# Musik in TS3 einspielen ohne Stereomix oder SoKa?



## Der Maniac (17. November 2011)

Hallo Leute!

Ich stelle mir grade die Frage, wie es möglich ist im Teamspeak das einzuspielen was ich höre, ohne dafür eine Soundkarte zu verwenden! Also kein Stereomix oder "Was Sie hören" ala Creative!

Bei TS3 kann man ja sogut wie alle Aufnahmequellen auswählen, nur leider gibt es halt keine, um den Sound, den mein G930 wiedergibt, abzugreifen!
Ich habe hier die Software "Virtual Audio Cable", mit der man, wie der Name vermuten lässt, virtuelle Anschlüsse erstellen kann, nur hab ich absolut keinen Plan wie ich das alles einstellen muss?!

Ziel ist es eigentlich mehr oder weniger den Sound ausm Windows Media Player (und allem anderen was Ton von sich gibt) durch die Software durchzuschleifen und dann in TS3 einzuspielen, aber so das ich das auch noch höre!

Hat da irgendjemand schon Erfahrungen mit gemacht, bzw. kennt andere Software mit der das gleichwertig funktioniert ohne großartige Installationen und kilometerlange Einstellungsmarathons?

Der Maniac


----------



## Herbboy (17. November 2011)

Kannst Du bei Teamspeak nicht das G930 irgendwie auswählen, also nciht nur fürs Mic? Hat der Treiber vom Headset ein Reglermneü, bei dem Du auch mehrere Dinge getrennt einstellen kannst?


----------



## Der Maniac (17. November 2011)

Nein, keine diese Möglichkeiten gibt es... TS erkennt nur das Mikro und im Treiber gibt es die Funktion leider auch nicht... 

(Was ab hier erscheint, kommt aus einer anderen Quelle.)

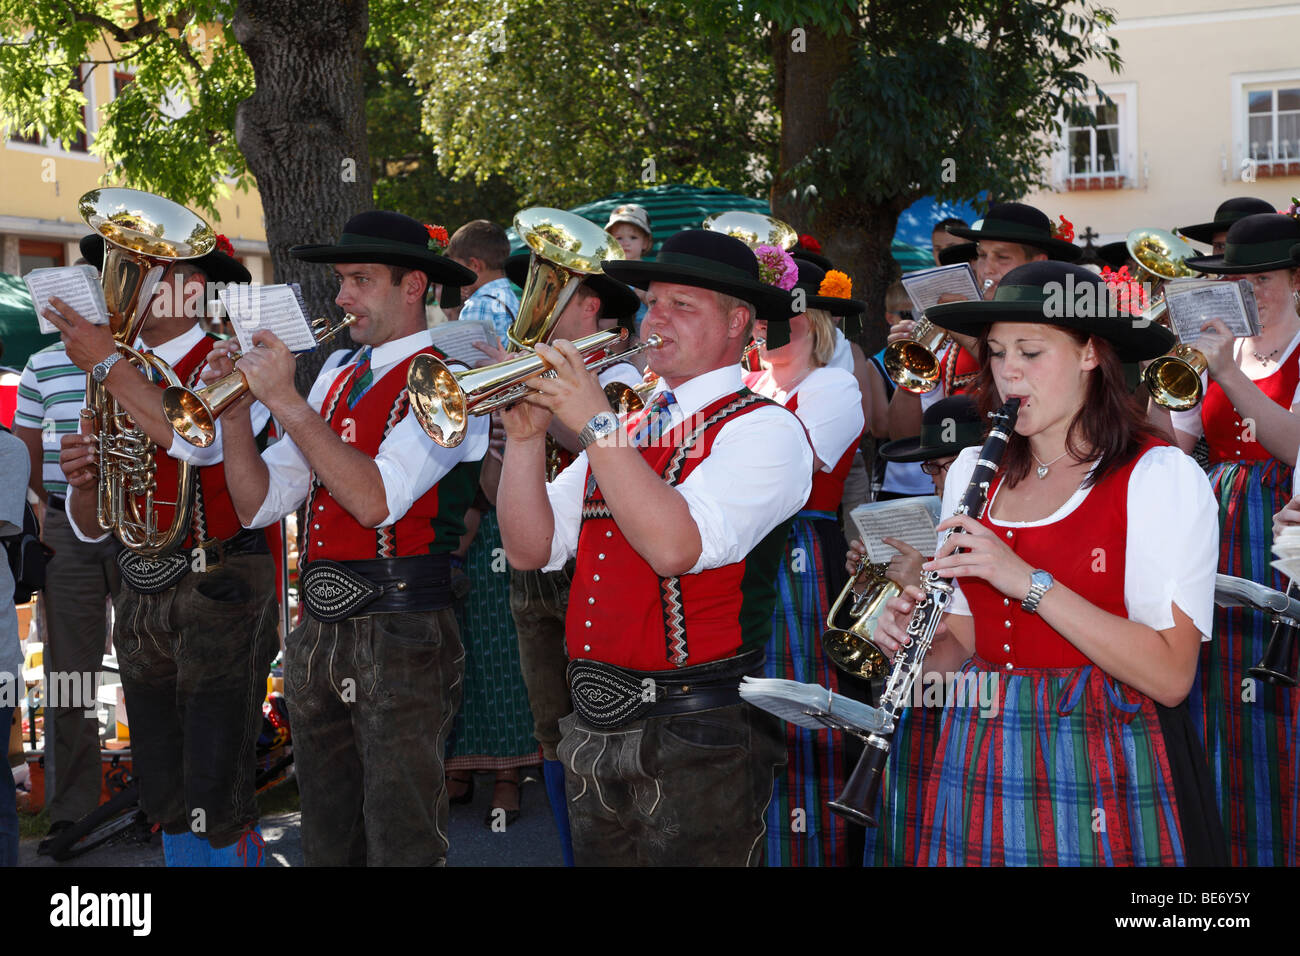 Folk music band at the Samson Parade in Mariapfarr, Lungau, Salzburg state, Salzburg, Austria, Europe - Stock Image

Es gab mal noch ein Programm mit dem man den Sound im Rechner umleiten konnte, mir fällt der Name grade aber nicht ein >_< 

Noch andere Vorschläge?


----------



## sipsap (17. November 2011)

Ts³Musik Bot erstellen (Tutorial) German - YouTube

ich denke du meinst sowas oder?


----------



## kero81 (17. November 2011)

Kannste mit Virtual Audio Cable realisieren... Ganz easy.


----------



## Der Maniac (17. November 2011)

@ sisap: Ja sowas in der Art meine ich, nur das halt auch Sounds aus Youtube mal "eben" kurz eingespielt werden sollen!

@ kero: Ja klasse, das bringt mir viel diese Aussage! und _*Wie*_ mache ich das ganze?


----------